Monday, July 11, 2022

Thursday off to Bantry for the final leg.  We stopped in Cobh where there was a HUGE cruise ship that deposited a million tourists. The Americans do stand out.. and not in a good way. Fred and I separated because of our differing ideas on how to experience new places. I met an interesting guy while looking at the cruise ship. He seemed a bit vagabondish, but turned out not to be. He’s 60 and married. Needs surgery for varicose veins — really bad — in one leg, but the wait here is FIVE YEARS. The downside to a national healthcare program is apparently the long wait times. Anyway, he said he had a brother who went to America and died there. He was 24 and had gone off to have a career in computers in the Ozarks (of all places). The family bought him a car. He was ready to start work the next day, but drove on the left side of the road and met a truck head on and was killed. 



In Cobh.


We LOVE our AirBNB here — about ten minutes from the busy little town of Bantry. It's the cleanest most cheerful place… On these driving days, we tend to chill a bit once we arrive, and our host was gracious enough to let us get in early. Dinner was at a pub in Bantry. Fred had black pudding SALAD which he was delighted with. Another huge cruise ship was in the bay, but seemingly just gathering the passengers and setting sail. WHEW!  The tv in the bar was turned on and the bartender was changing the channels to find something interesting. There’s LOTS of sports to watch here. Hurling is the main sport in Cork, but there’s also Irish football and rugby. But he settled on DARTS… a DART tournament from 2021!  Fred and I were kind of confused and made a tiny wise crack when the girl next to us at the bar said, Oh, this was a great tournament. The 2022 tournament starts up soon. I’m on this pub’s team...and she pointed out the score keeper sheet on the wall. So who knew? We have seen NOBODY playing darts in Ireland!  
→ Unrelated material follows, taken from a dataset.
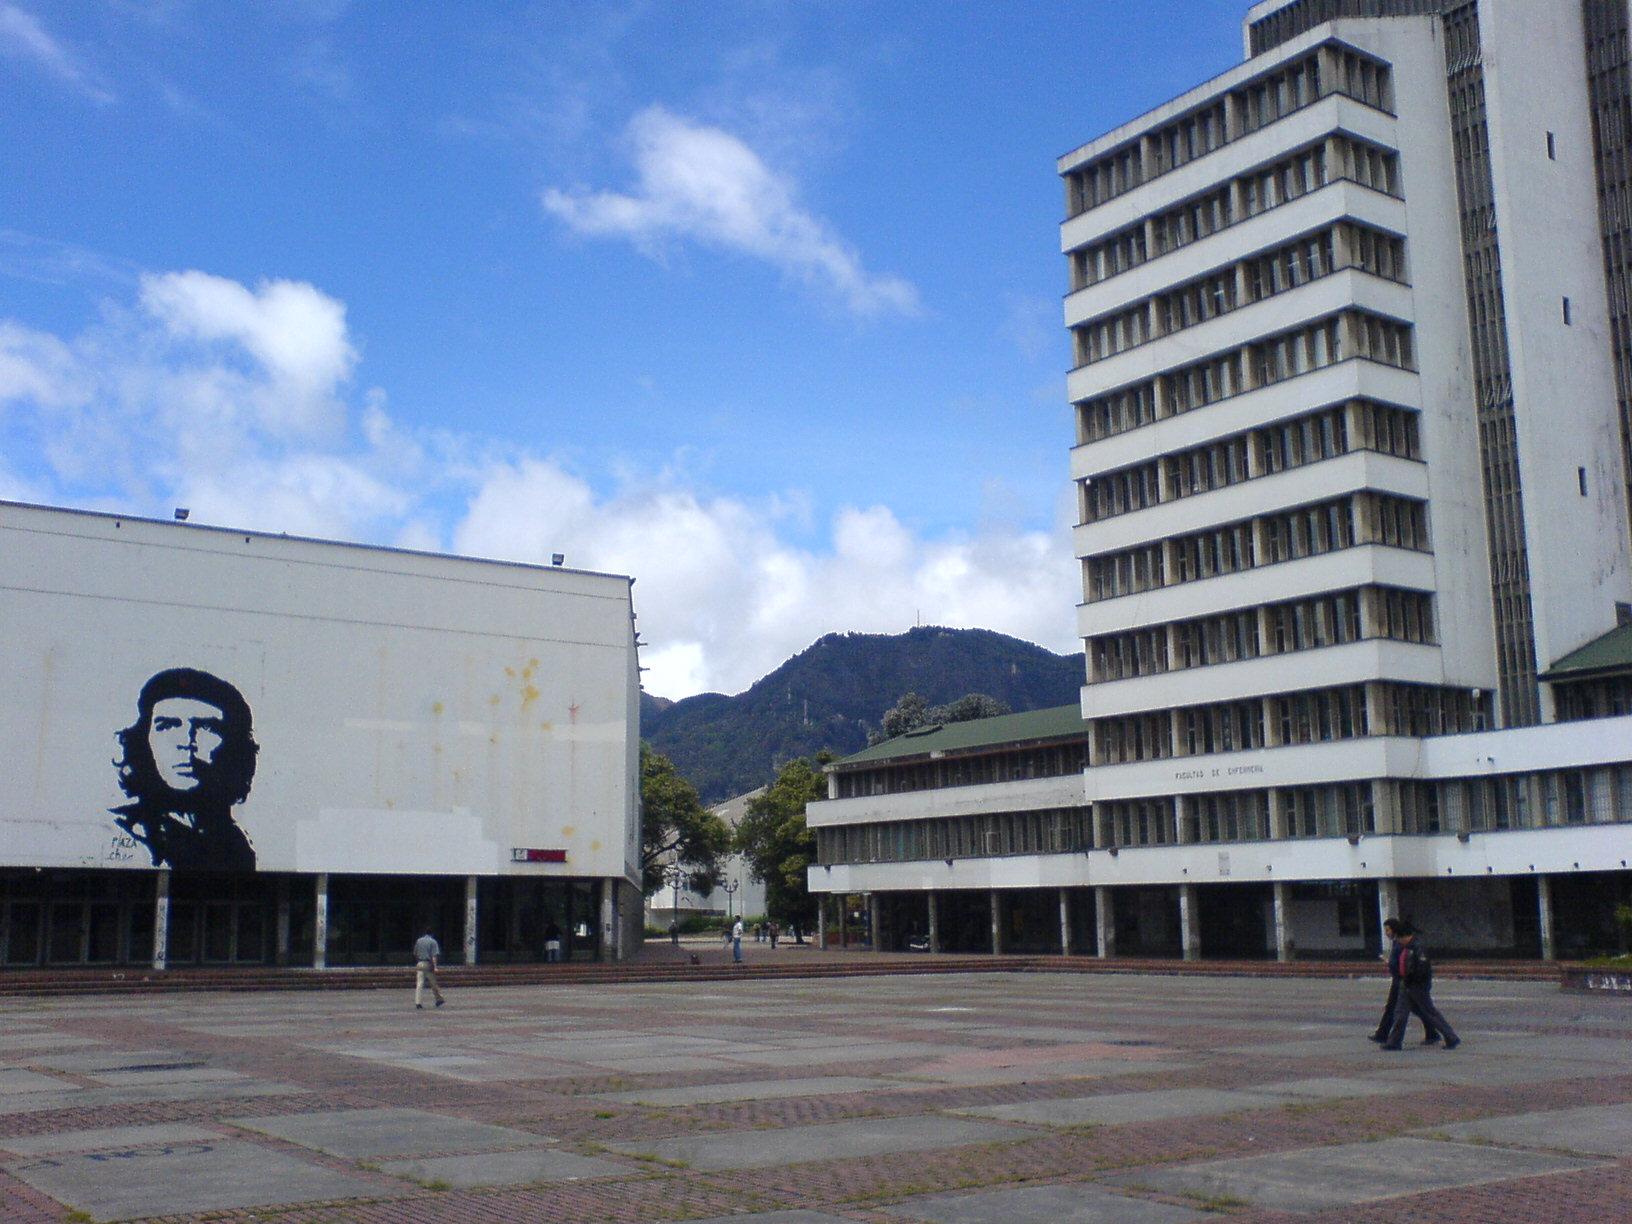 Mural en la plaza principal de la Universidad Nacional de Colombia, llamada Plaza Santander, pero conocida generalmente como Plaza Che, en Bogotá (Colombia).

Our Bantry place, photo courtesy of the AirBNB listing. 
See the listing here: https://www.airbnb.ie/rooms/32299123?source_impression_id=p3_1657549067_DKPbk%2BCmVqiow7yv





Friday. We were facing four days of NO PLANS, unlike the previous two weeks. We took a long ill-fated walk. Ill-fated in that we thought it was one hour, over the mountain, where we would reward ourselves with lunch. There was much debate about whether it was one hour (as I had read) or 1 1/2 hours (as Fred had read). After 3.6 miles, we reached the top of the mountain, only to find more land as far as the eye could see. Our destination was supposed to be right on the water. As we decided to cut our losses and turn back, a guy and two kids in a pick-up truck drove round the bend. He said our mistake was not uncommon. We simply took a wrong turn. Back at the house, I worked all afternoon after which we drove to a pub in Ahakista —nearby town — that Fred had read about. GREAT spot on the water. Awesome inside environment, too. Then on to Arundel’s on the Pier for dinner, but they were packed. On to O’Sullivans’s in Dullus, but they had stopped serving five minutes prior. These town sare “nearby” but just the most harrowing driving. Exhausting. Finally found a spot at a bar in Bantry. Nice waiter from Croatia. 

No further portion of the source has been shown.